Weather damage causes heavy personal and economic costs every year and are important to understand. Health impacts are very large while economic damage from certain events cost very large amounts of money every year to fix. As such it is important to understand what are the most harmful events in order to prepare for their eventualities as well as prioritise which events must be researched further.
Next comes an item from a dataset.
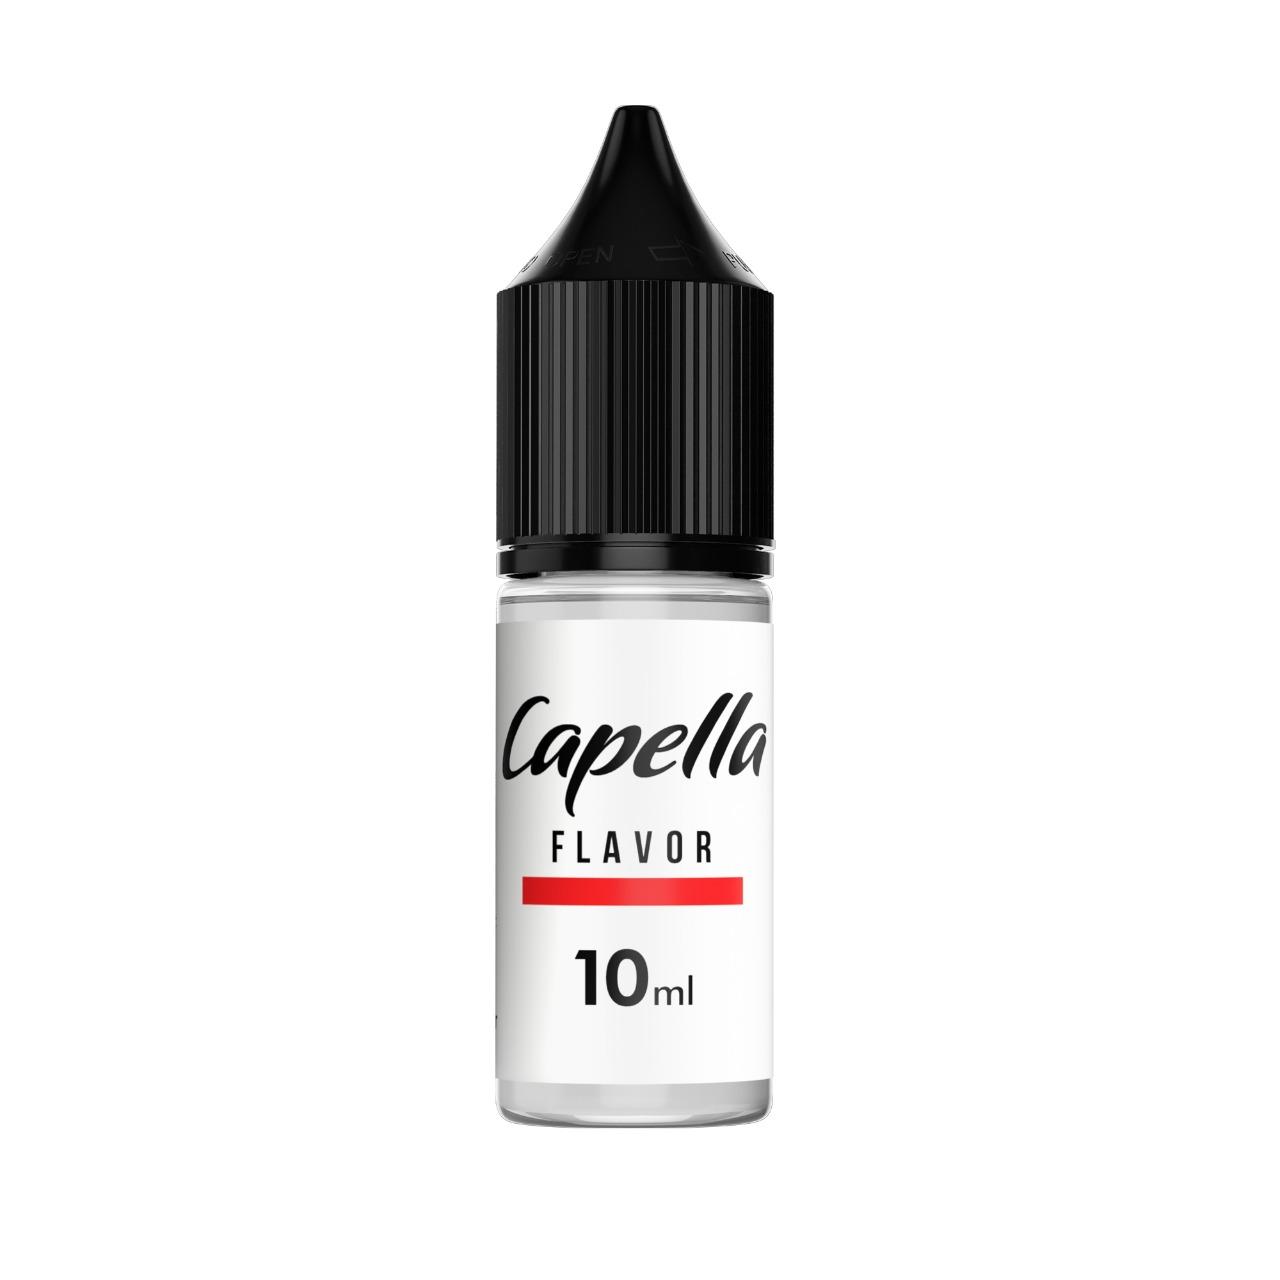 Capella (CAP) Italian Lemon Sicily 10ml
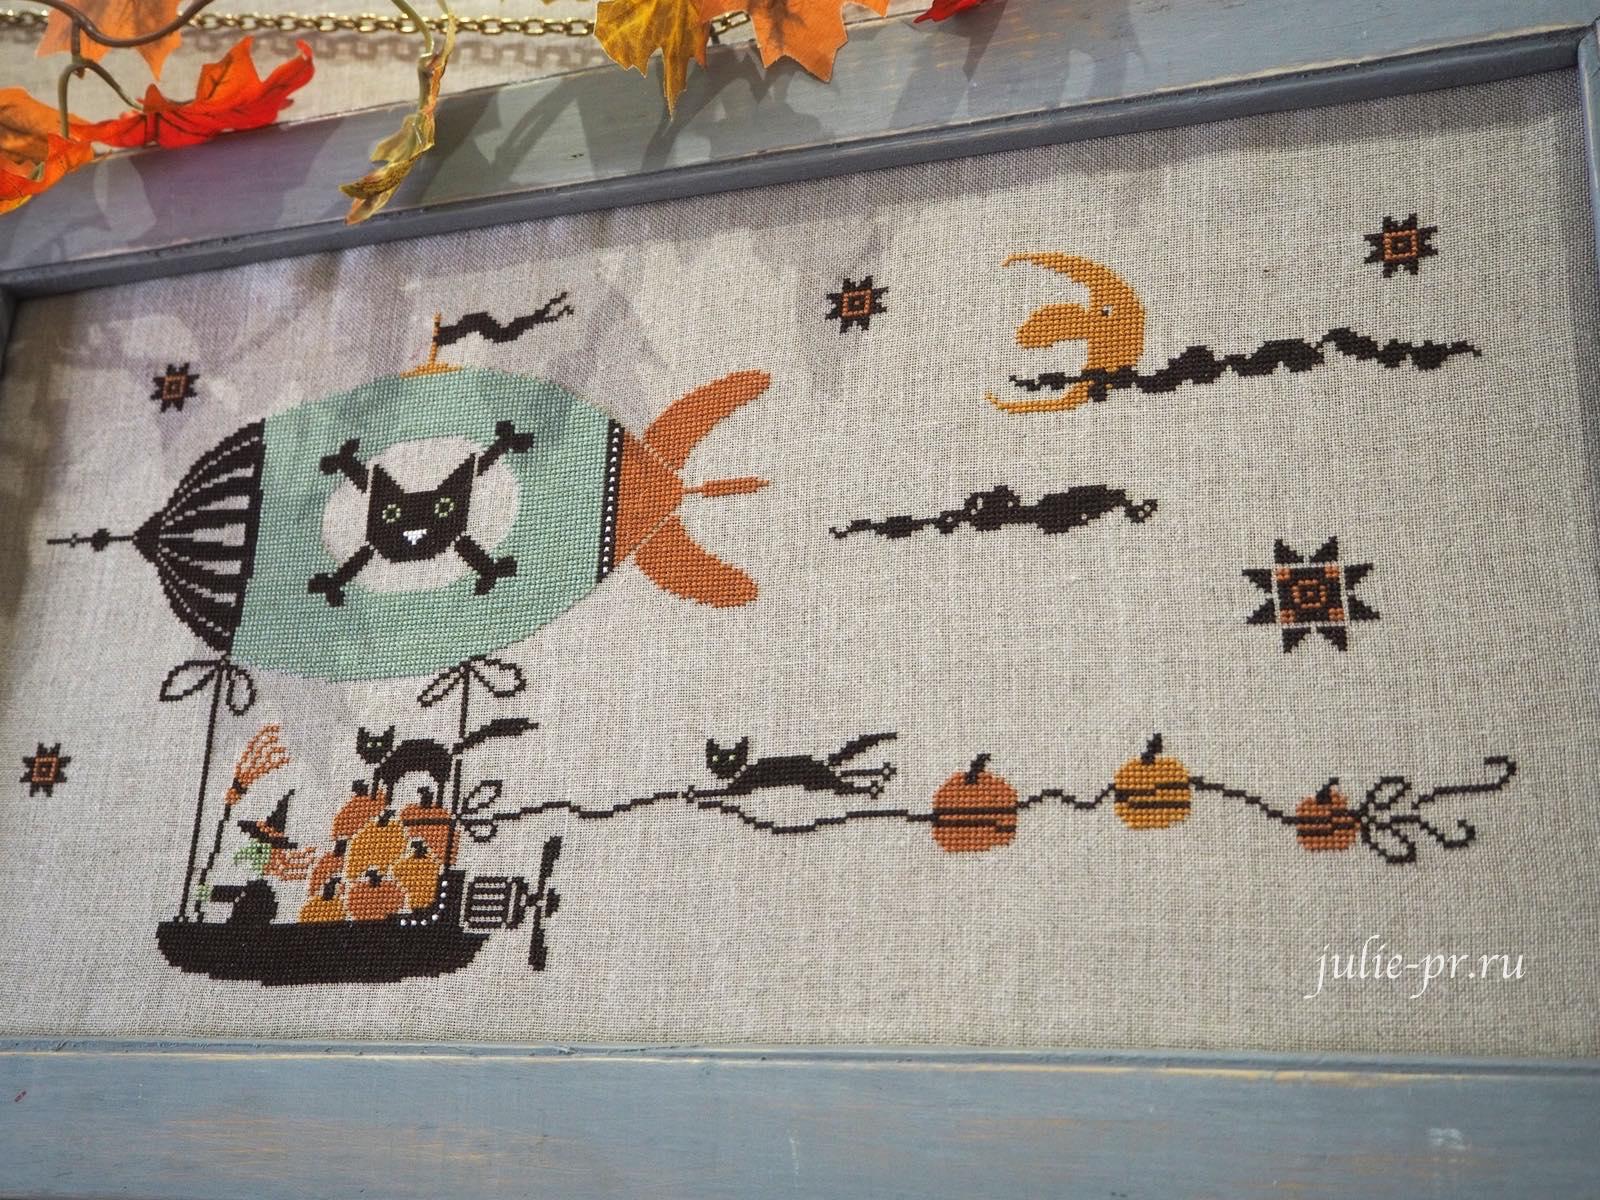 Madame Chantilly, Pumpkins thieves, Воришки тыкв, вышивка крестом

This study found that tornados by far are the most dangerous events for people while hurricanes cause the most damage economically to property and crops. It must be noted though that this study is limited by the records of event dating back before proper recording instruments were mainstream as well as a proper index of what the damge cost exponents are in the dataset.